Throughout his award-winning career, Denis Johnson has brought us an endlessly fascinating cast of characters: sinners, saviors, and desperate souls caught in between. In Train Dreams, he presents a provocative portrait of a man who comes to know both excruciating hardship and quiet wonder in the American West in the first half of the twentieth century. A day laborer, Robert Grainier is on the front line in the modernization of the frontier, opening a rugged landscape to railway service, shoulder to shoulder with teams of countless men like him. Their world is divided between those who survive against astounding odds and those who succumb. Grainier is a survivor in all senses of the word: when he loses his young family, he returns to his solitary ways and struggles to make sense of the tragedy, even as he continues to feel the spiritual presence of his wife and daughter.

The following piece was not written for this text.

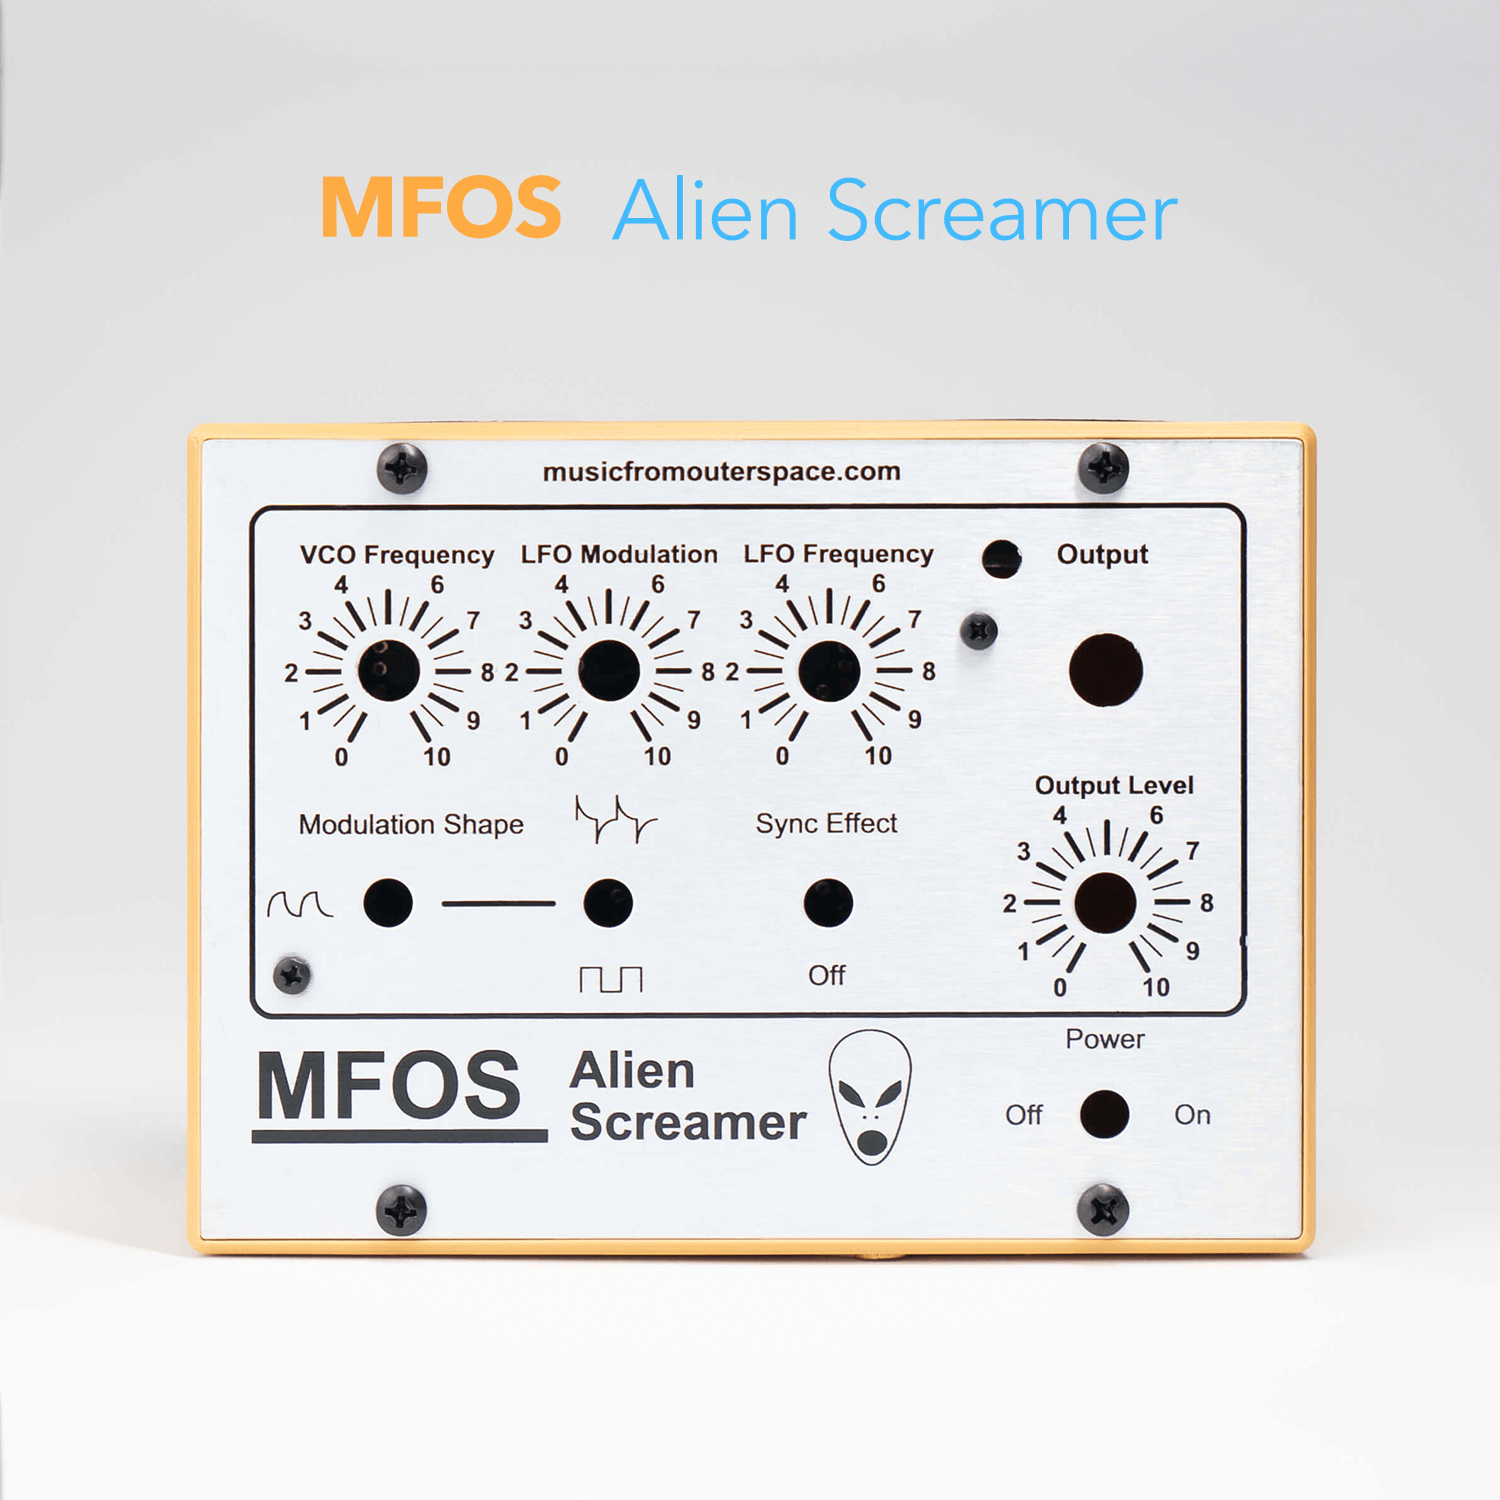 MFOS Alien Screamer
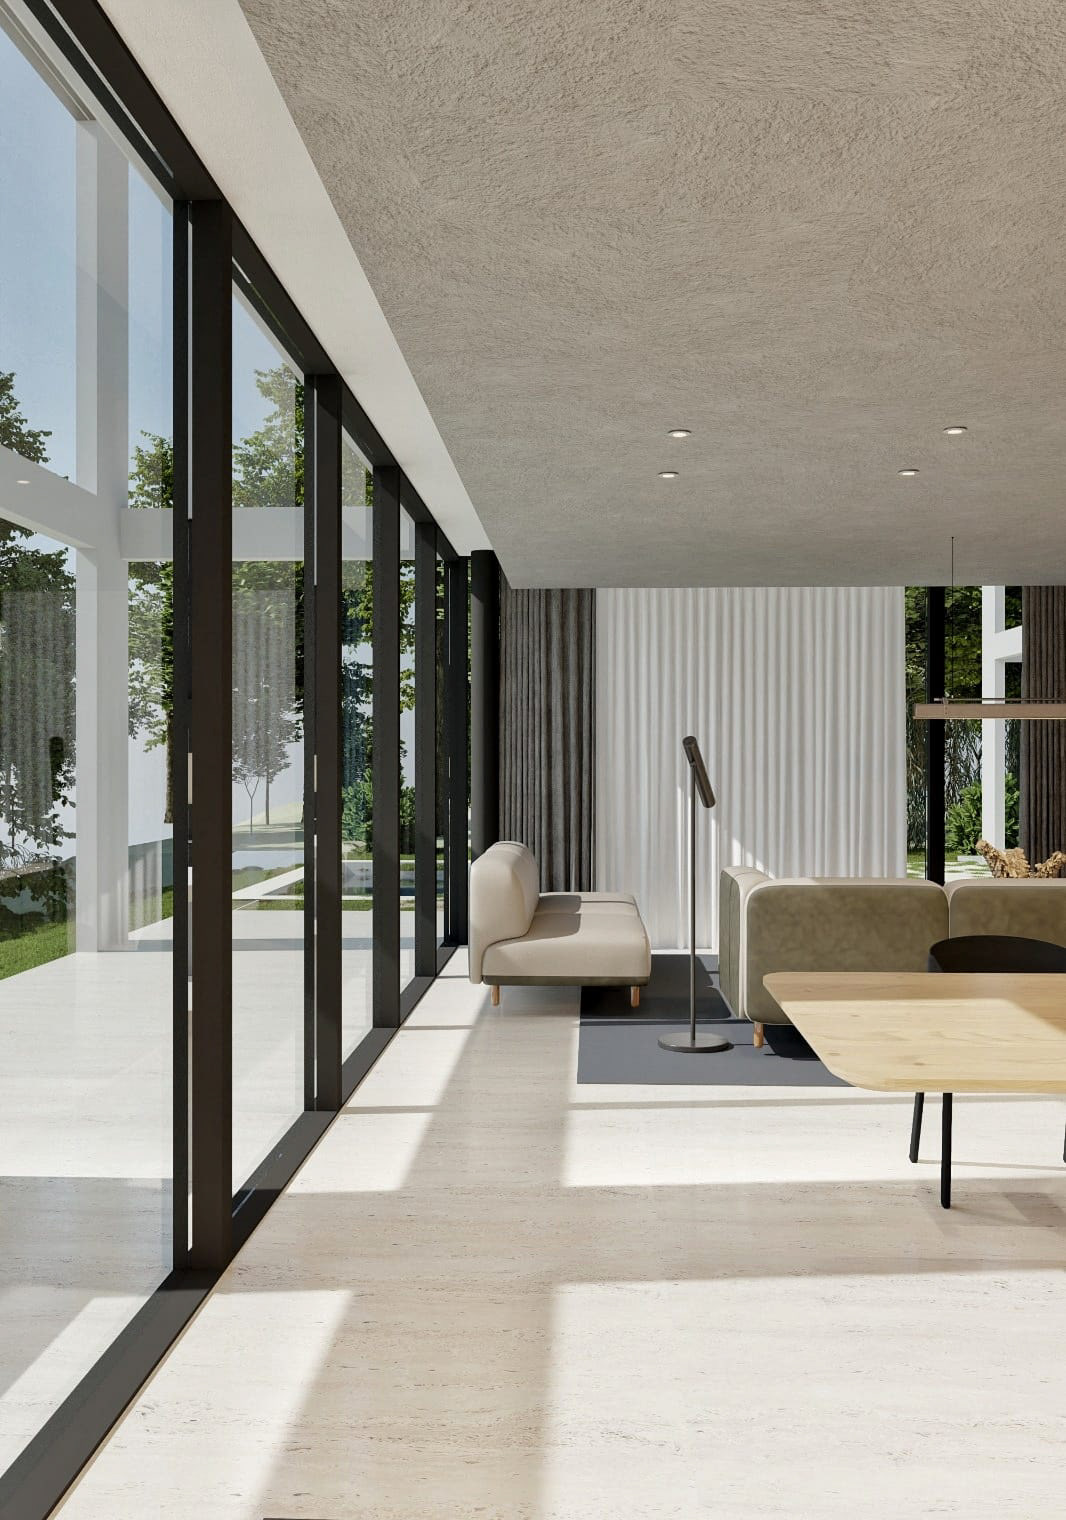 architecture visualization Render interior design  modern exterior vray SketchUP 3D lumion

An epic in miniature, Train Dreams captures a singular chapter in the American story, set in an otherworldly landscape that has the potential to haunt anyone who attempts to subdue it. As we witness history alongside Grainier, we are forced to weigh the human toll against the awe-inspiring arrival of "civilization" as ordinary men eke out a living in extraordinary times. The result is a poignant, illuminating novella from one of the greatest storytellers of his generation.

This guide is designed to enhance your discussion of Train Dreams. We hope that the following questions and topics will enrich your reading of this finely honed tribute to the human experience.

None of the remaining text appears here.